Il diaconato femminile

Dal 2012 le procedure di candidatura prevedono che venga interpellato il responsabile per le pari opportunità e dal 2016 esiste un’apposita commissione. La Commissione Donne della Conferenza Episcopale Tedesca – e come potrebbe essere altrimenti? – è guidata da un uomo, Franz-Josef Bode, vescovo di Osnabrück, che tra i vescovi tedeschi persegue obiettivi molto progressisti e ha già suggerito di svincolare dal celibato il sacerdozio, oltre a sostenere il diaconato femminile.
 
Oltre la metà degli 1,28 miliardi di cattolici nel mondo sono donne, ma la loro partecipazione ai processi decisionali è tuttora trascurabile. Annette Schavan, ex Ambasciatrice tedesca presso la Santa Sede e Ministra della Repubblica Federale di Germania, lo considera un segnale sbagliato: “La Chiesa sta attraversando una fase di scarso consenso, occorre un’evoluzione della teologia del ministero ecclesiastico e l’apertura alle donne rientra in questo contesto”, scrive in un contributo commissionatole per la rubrica Christ&Welt del settimanale Die Zeit. “C’era da attendersi che a un certo punto le donne avrebbero perso la pazienza, e questo cambierà la Chiesa”.
 
Anche Annegret Kramp-Karrenbauer, presidente dei cristiano-democratici della CDU, ha dichiarato in un’intervista per Christ&Welt del 2018: “Mi auguro che venga introdotto il sacerdozio femminile”. Anche la cattolica più potente della politica tedesca, infatti, ritiene che qualcosa debba cambiare e che le donne alla base stiano muovendo i primi passi in questo senso.
 
Una domenica di maggio 2019 circa 700 persone unite da un’idea comune si sono radunate a Münster nella piazza del Duomo:  Maria 2.0 è rimasta fuori, con la chiesa alle spalle.

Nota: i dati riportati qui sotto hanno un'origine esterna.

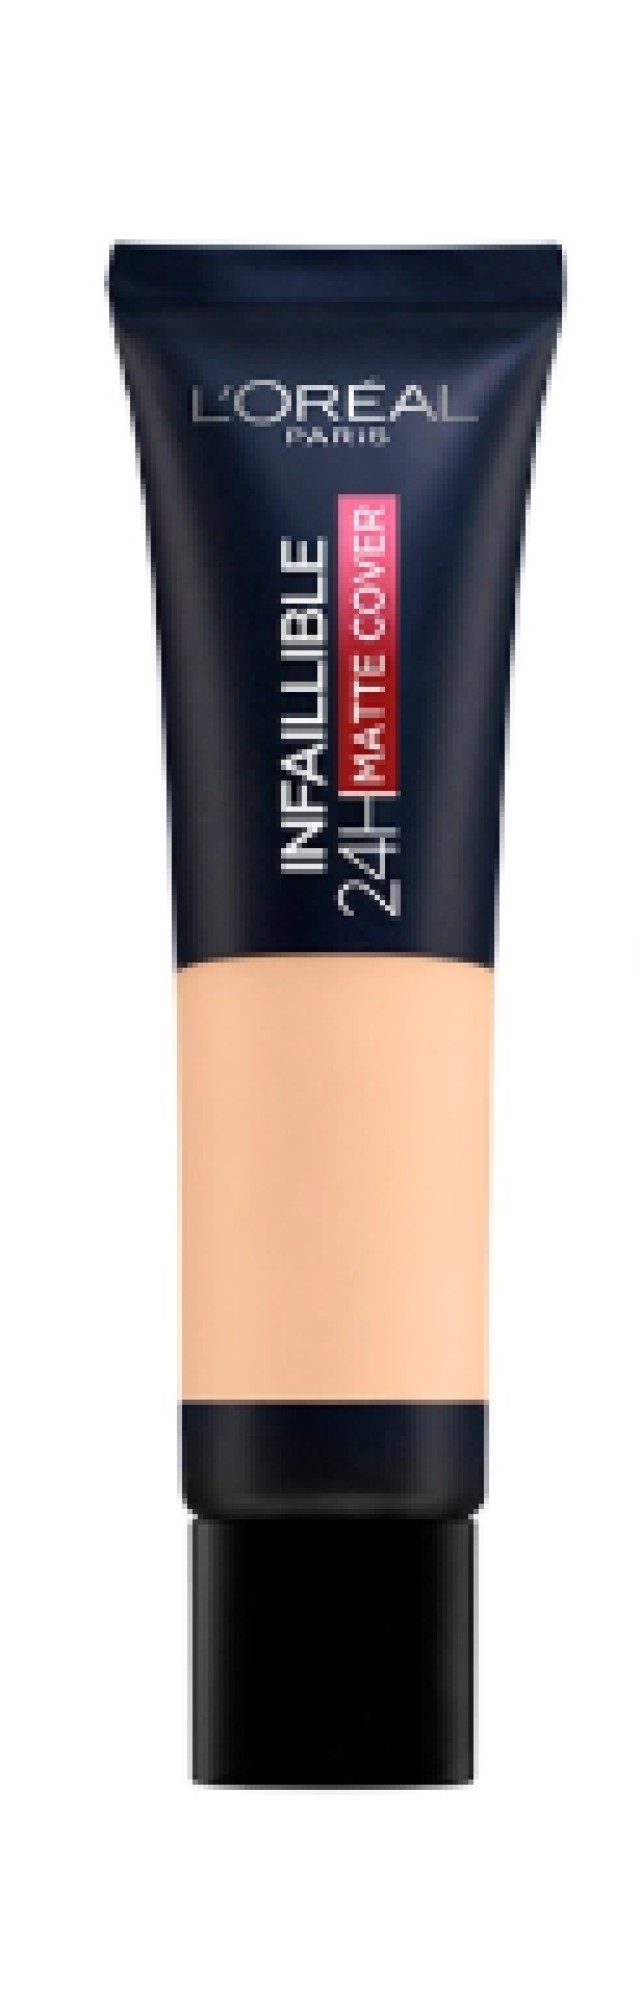 L'Oreal Paris Infaillible 24h Matte Cover Υγρό Make Up 130 Beige Peau 30ml

Le donne hanno cantato e detto Messa per conto proprio, senza la benedizione degli uomini.
 
Ursula Brintrup è arrivata con le sue amiche alla veglia davanti al Duomo. Doveva durare 30 minuti questa veglia, eppure, dopo oltre un’ora, erano ancora centinaia le donne riunite a cantare. E dopo l’ultimo canto, Ursula ha alzato le braccia in alto battendo le mani. Era raggiante.